Neue Ausstellung im BildungsTURM vom 1. Juli bis 17.09.2017.


Die Oasenstadt Palmyra war in der Antike ein Zentrum des Fernhandels zwischen China, Indien und dem Römischen Reich. Ihre phantastisch erhaltenen Tempel, Säulenstraßen und Grabanlagen inmitten der Wüstensteppe machten sie zum Ziel zahlreicher wissenschaftlicher Untersuchungen und zum Höhepunkt jeder Syrienreise.

 

 

 

Im Mai 2015 eroberte die Terrormiliz Daesh (IS) die Oase und sprengte die von der UNESCO zum Weltkulturerbe erhobenen Ruinen öffentlichkeitswirksam in die Luft. Palmyra teilt mit der Zerstörung das Schicksal der Buddhastatuen von Bamian, der Heiligengräber von Timbuktu und der Altstadt von Aleppo und ist so zum Inbegriff der Gefährdung des kulturellen Erbes der Menschheit geworden. Doch wie soll man mit der Zerstörung umgehen? Welche Möglichkeiten eines (virtuellen) Wiederaufbaus gibt es?

 

Diesen Fragen widmet sich die hochaktuelle Ausstellung „Rebuild Palmyra?" Mit Unterstützung innovativer digitaler Medien führt die Ausstellung in die Geschichte der Stadt, ihrer Kultur und ihrer Handelskontakte von ihrer Gründung bis zur Sprengung der Ruinen durch den Daesh ein. Virtual Reality-Stationen und 3D-Rekonstruktionen bieten den Besucherinnen und Besuchern die Chance, sich zwischen den antiken Bauten, ihren Ruinen und dem momentanen Zerstörungszustand hin- und her zu bewegen. Dabei möchte die Ausstellung die Besucherinnen und Besucher aktiv und spielerisch in die Diskussion über den Umgang mit dem Weltkulturerbe einbeziehen.

 

Die Ausstellung wurde von Studierenden der Architektur, Geschichte, Informatik und Kommunikationsdesign der Universität und der Hochschule Konstanz (HTWG) unter Leitung der Professoren Stefan R. Hauser, Harald Reiterer (beide Universität Konstanz) und Eberhard Schlag (HTWG) konzipiert und umgesetzt. Stefan R. Hauser: „Was die Studierenden hier geleistet haben, ist wirklich beeindruckend. Sie haben es geschafft, ein hochkomplexes Archäologie, Kultur und Politik verknüpfendes Thema auf ungemein kreative Weise nicht nur verständlich darzustellen, sondern auch den Besuchern eine Menge zum Nachdenken mit auf den Weg zu geben: Wie sollen wir mit bedrohtem oder gar zerstörtem Kulturerbe umgehen?"

 

Die Ausstellung wird begleitet von Führungen und Vorträgen; außerdem wurde ein Vermittlungsangebot für die Schulen der Region erarbeitet. Ein Begleitband ergänzt die Ausstellung.

 

Das Amt für Schulen, Bildung und Wissenschaft der Stadt Konstanz ist Kooperationspartner.

 


BildungsTURM, Kulturzentrum am Münster, Wessenbergstr. 43, Konstanz

01.07. - 17.09.2017 „Rebuild Palmyra? Zukunft eines umkämpften Welterbes"

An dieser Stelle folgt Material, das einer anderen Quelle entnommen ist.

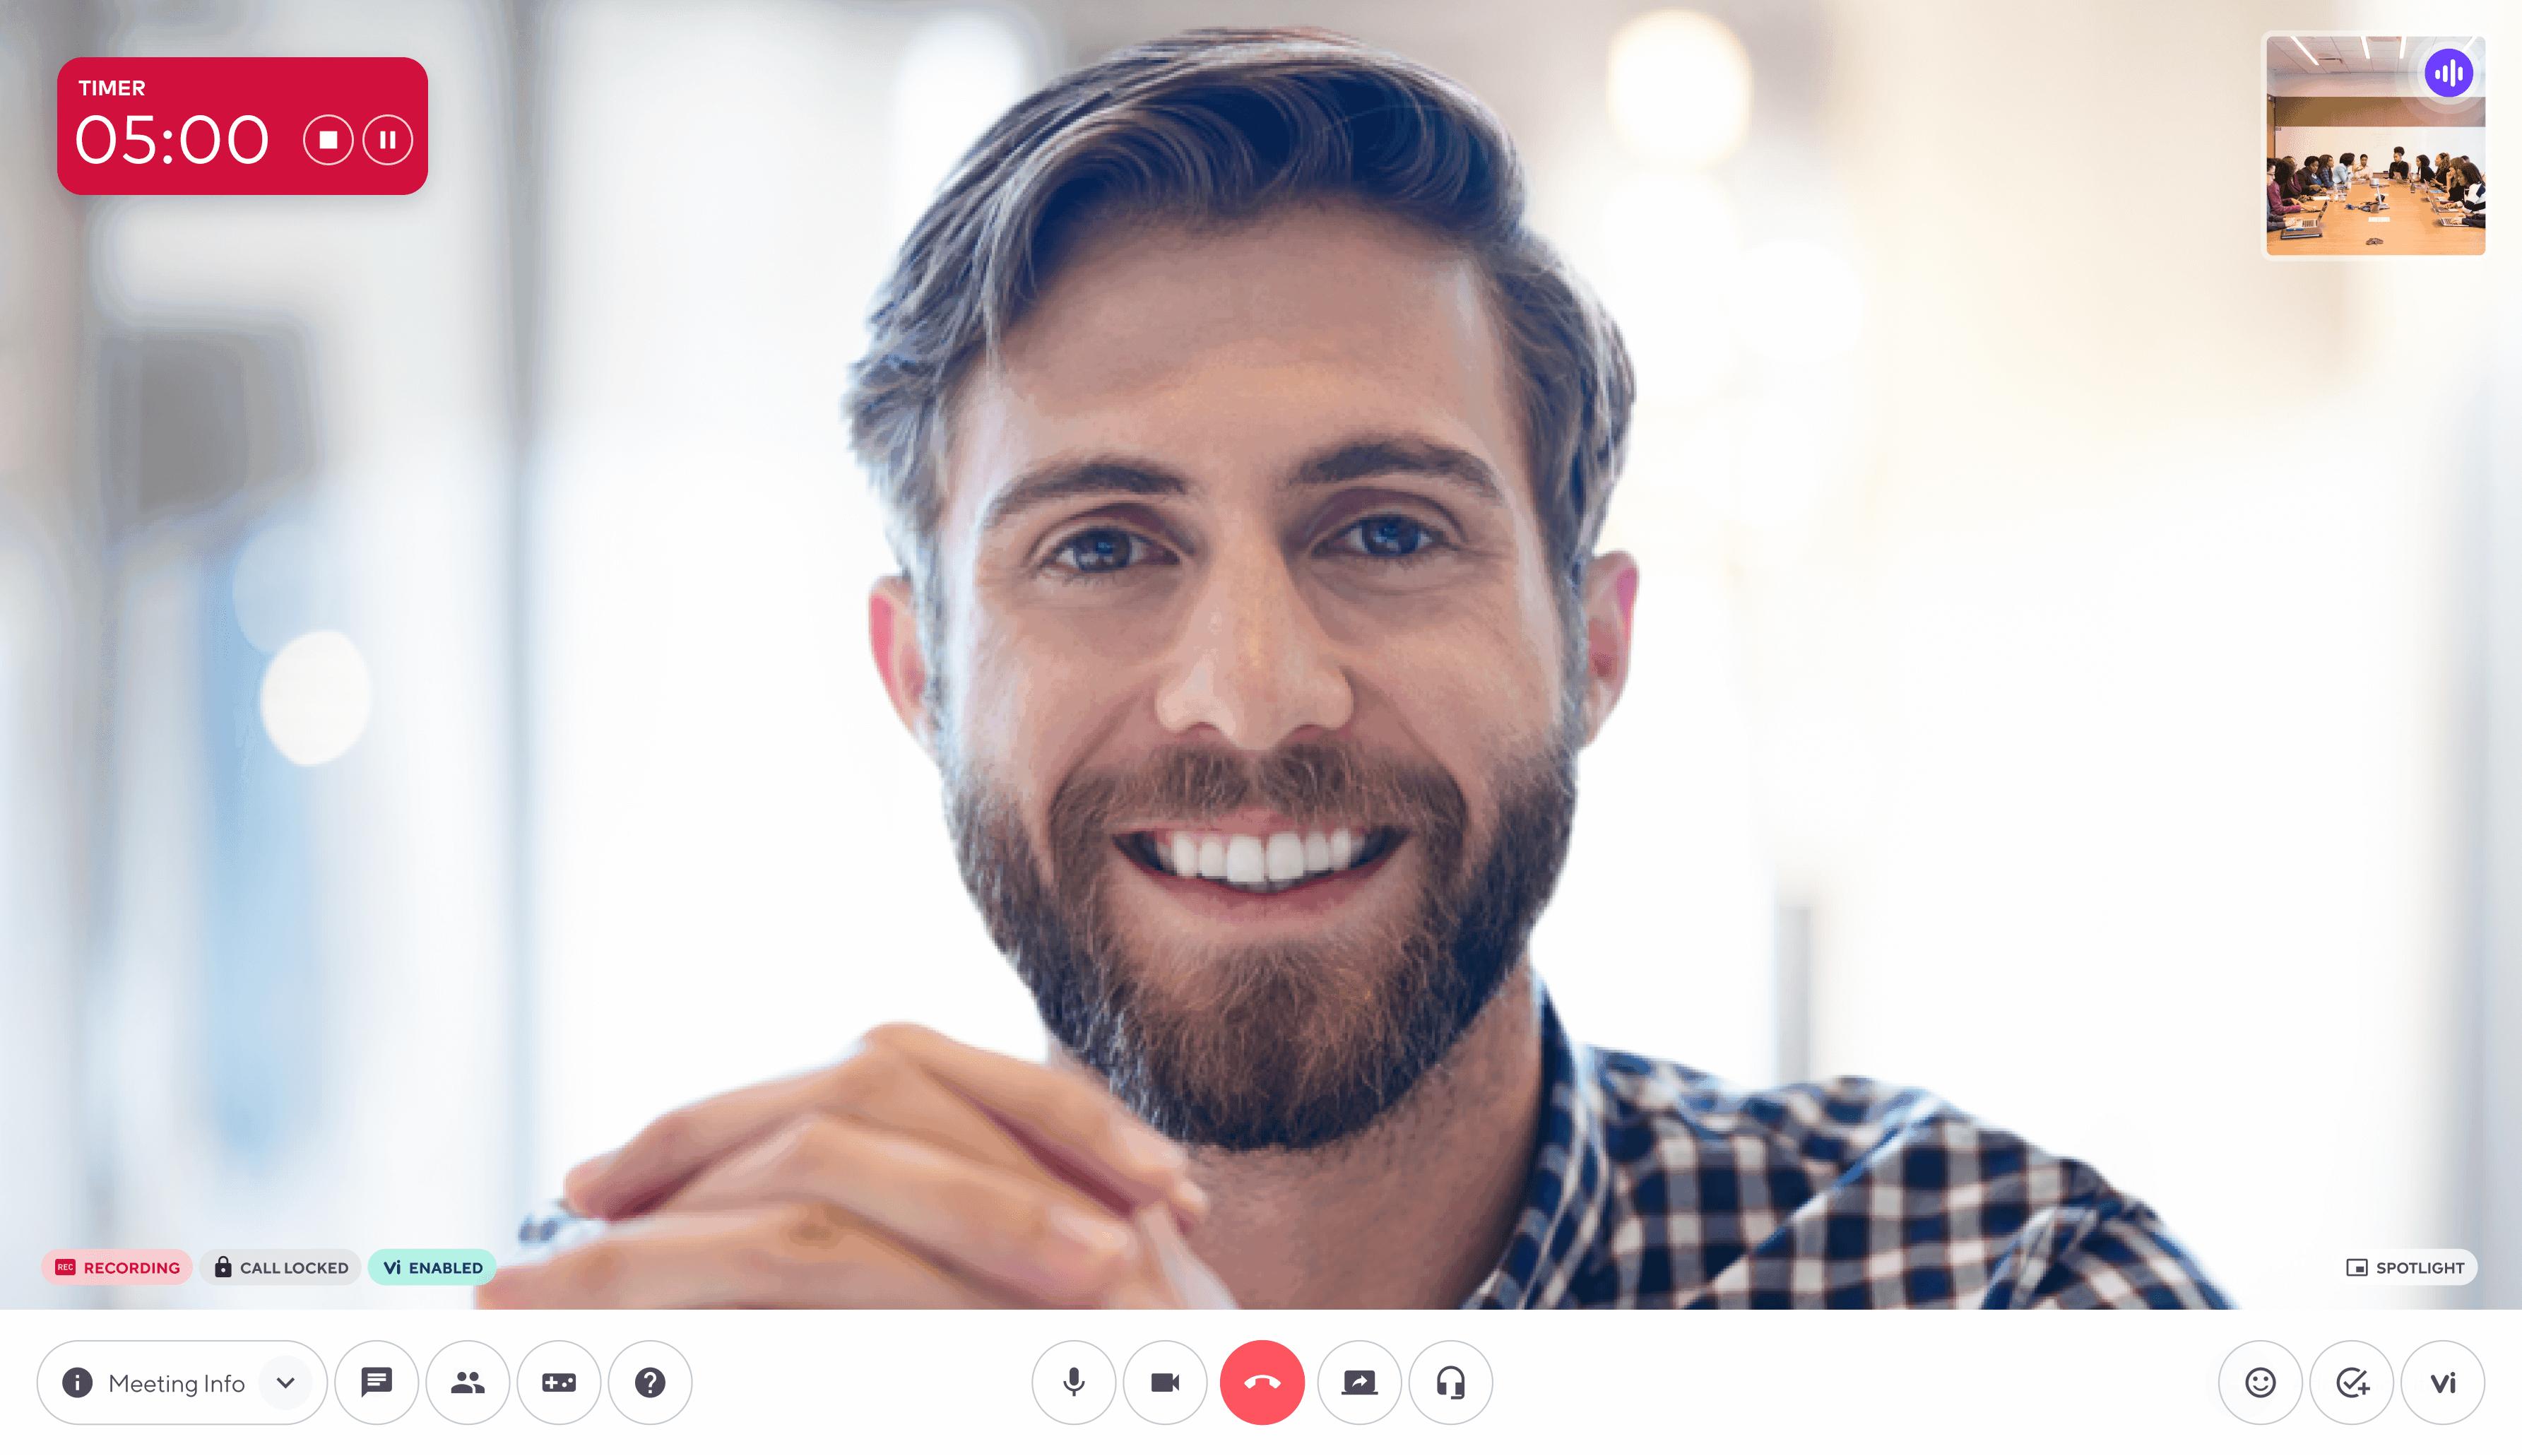 virtual meetings in dialpad's app

Eröffnung, Freitag, 30.06.2017, 19 Uhr, BildungsTURM/Wolkensteinsaal

 

Öffnungszeiten:
Dienstag - Freitag 10 - 18 Uhr
Samstag/Sonntag 10 - 17 Uhr

Eintritt 3/2 €
Samstag, 15.07.2017, Museumsfest, Eintritt frei

Begleitveranstaltung
Dienstag, 04.07.2017, 19 Uhr, Wolkensteinsaal
Vortrag mit Musik
Kyoko Tanino, Konzertmeistern Südwestdeutsche Philharmonie Konstanz
Prof. Dr. Stefan R. Hauser, Universität Konstanz
Eintritt frei
Die Ausstellung ist bis 19 Uhr geöffnet!

Führungen
Es werden öffentliche Führungen in verschiedenen Sprachen angeboten sowie Führungen für Schulklassen nach Anmeldung.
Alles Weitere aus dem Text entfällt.